• [Work item] Find the line with "Spectators watch the" in the data below. Repeat it and every line after it exactly, but not the pictures.

• [Data shown]
+++++
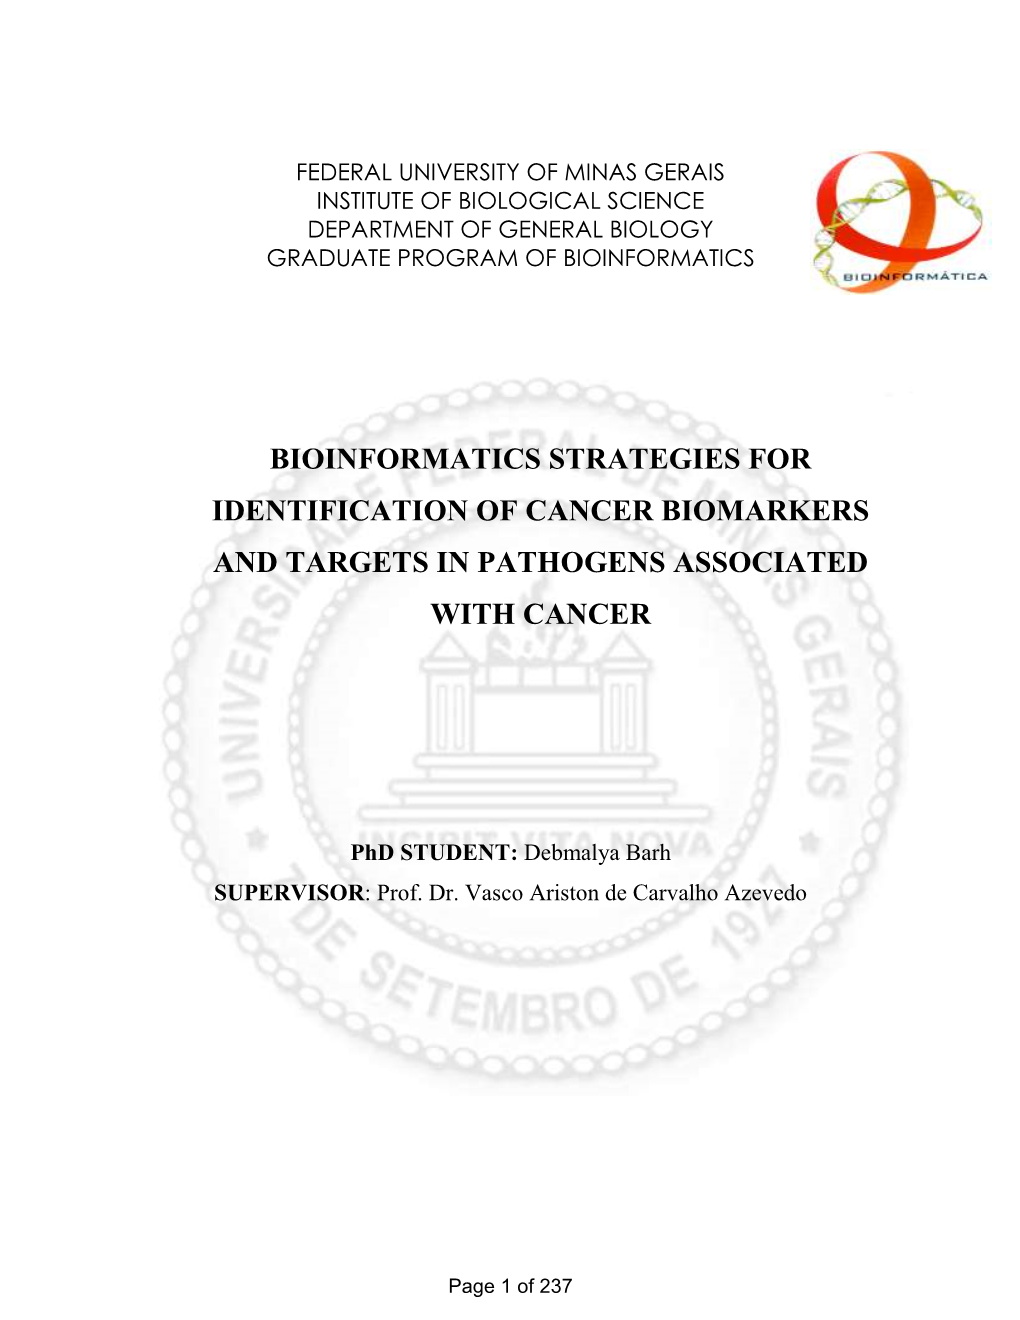 Bioinformatics Strategies for Identification of Cancer Biomarkers and Targets in Pathogens Associated with Cancer
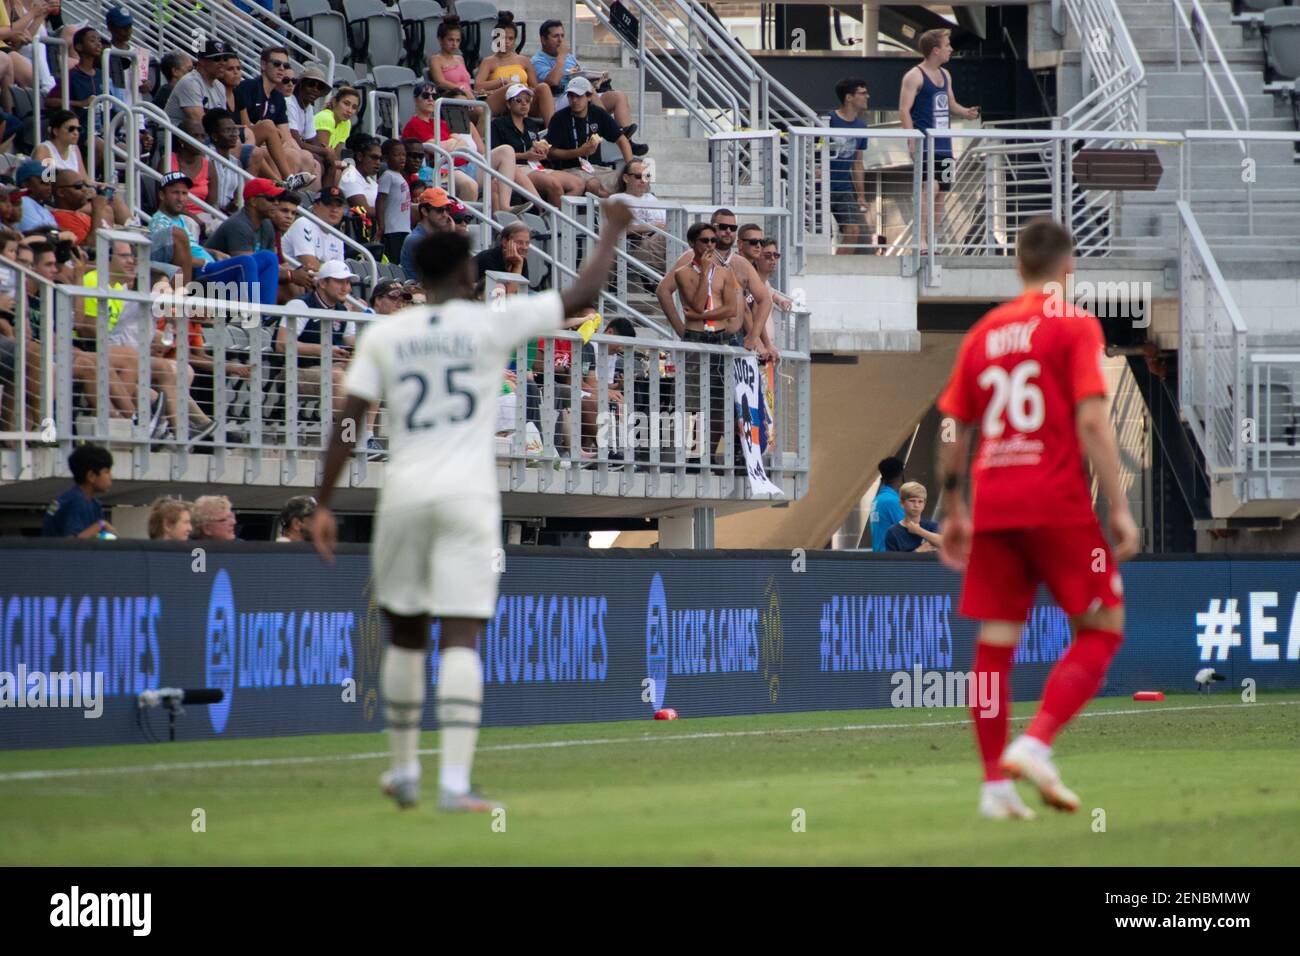 Spectators watch the 3rd place match between FC Girondins de Bordeaux and  Montpellier HSC in the EA Ligue 1 Tournament on July 21, 2019. The EA Ligue  1 Tournament is a four-team
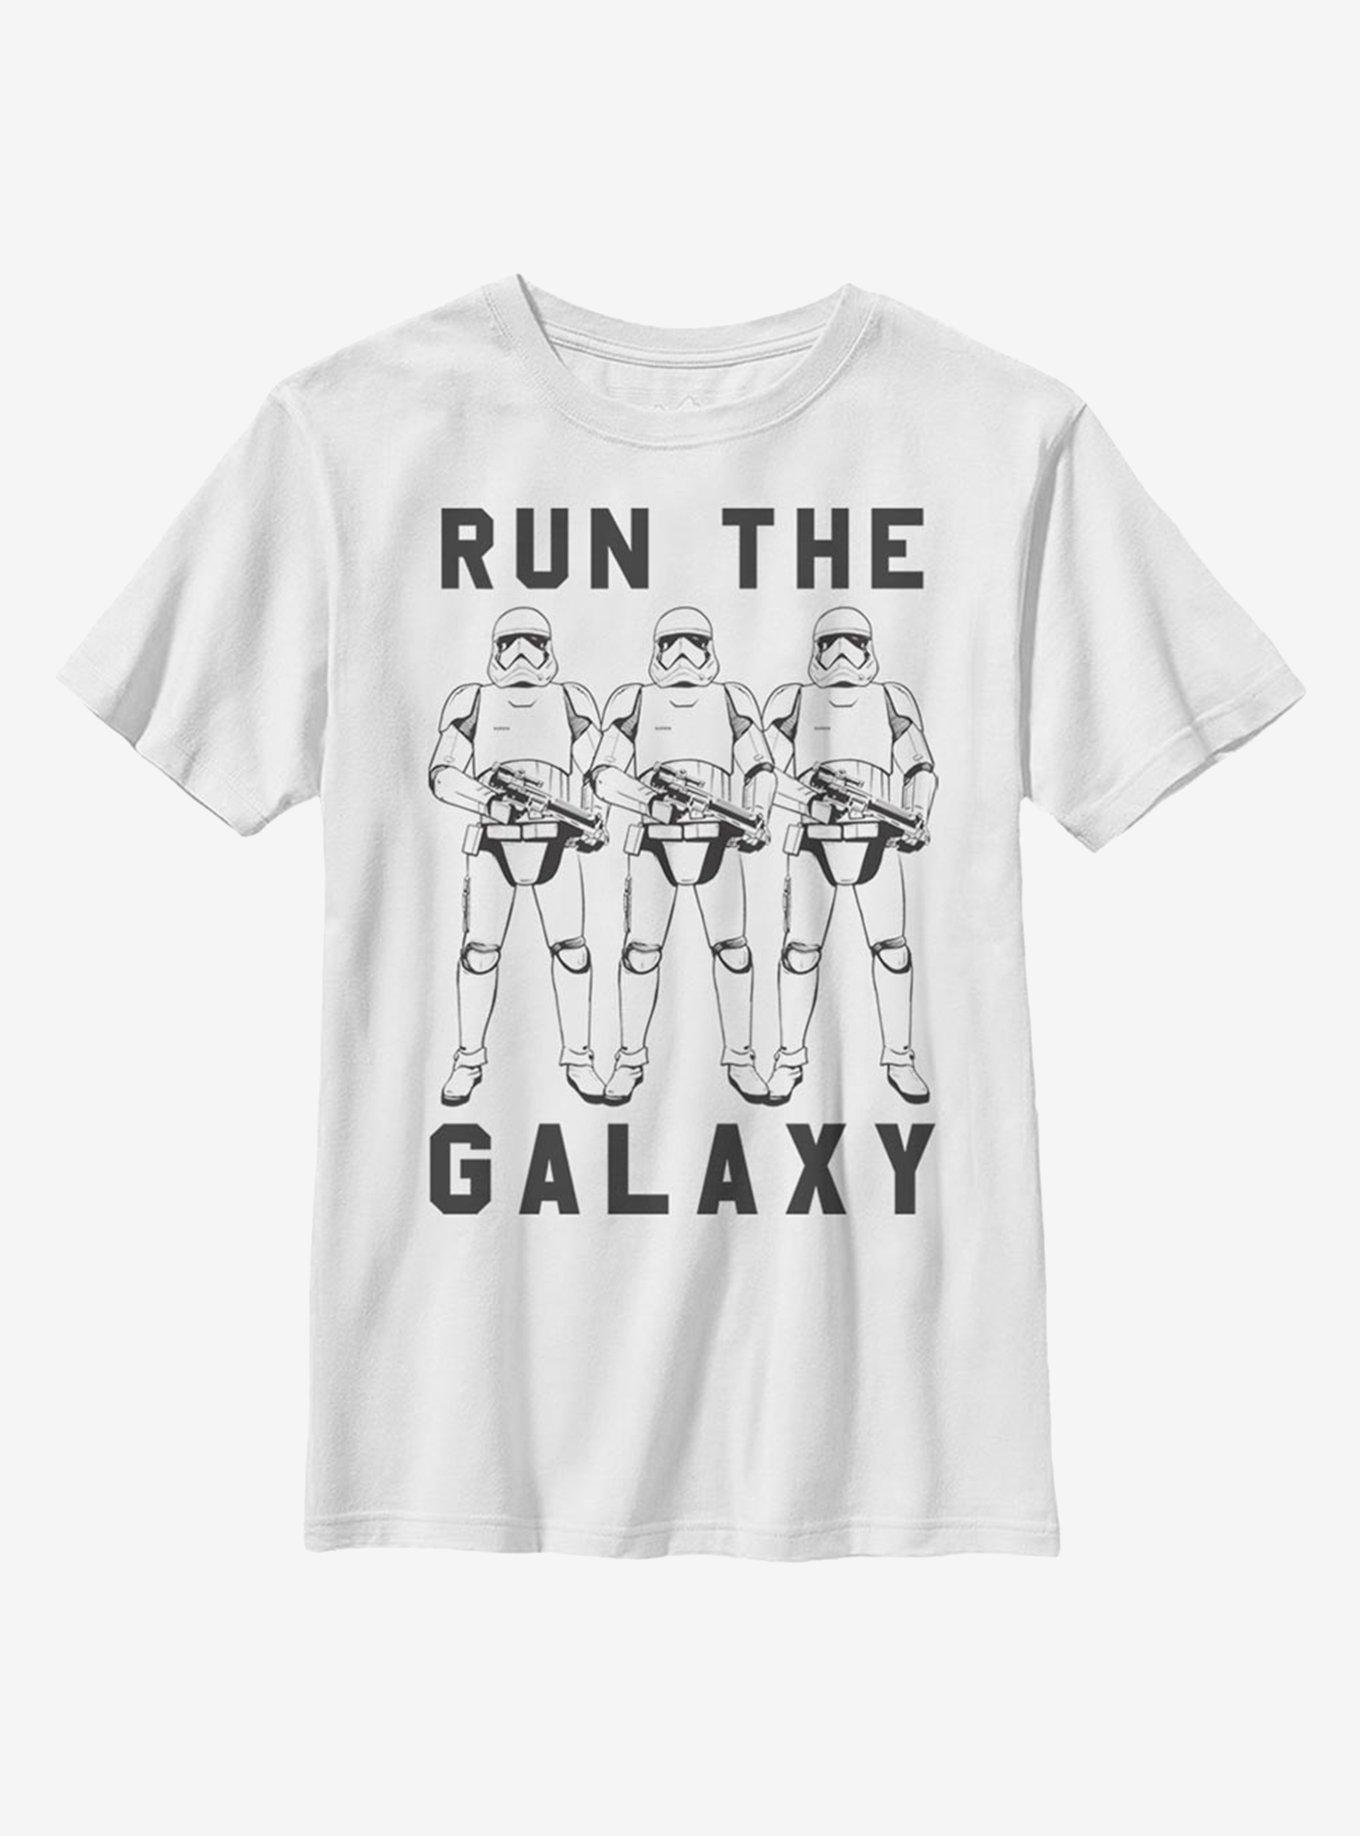 Star Wars Episode VIII: The Last Jedi Trooper Galaxy Youth T-Shirt, WHITE, hi-res
+++++
• [Finished task]
 Spectators watch the 3rd place match between FC Girondins de Bordeaux and  Montpellier HSC in the EA Ligue 1 Tournament on July 21, 2019. The EA Ligue  1 Tournament is a four-team
 Star Wars Episode VIII: The Last Jedi Trooper Galaxy Youth T-Shirt, WHITE, hi-res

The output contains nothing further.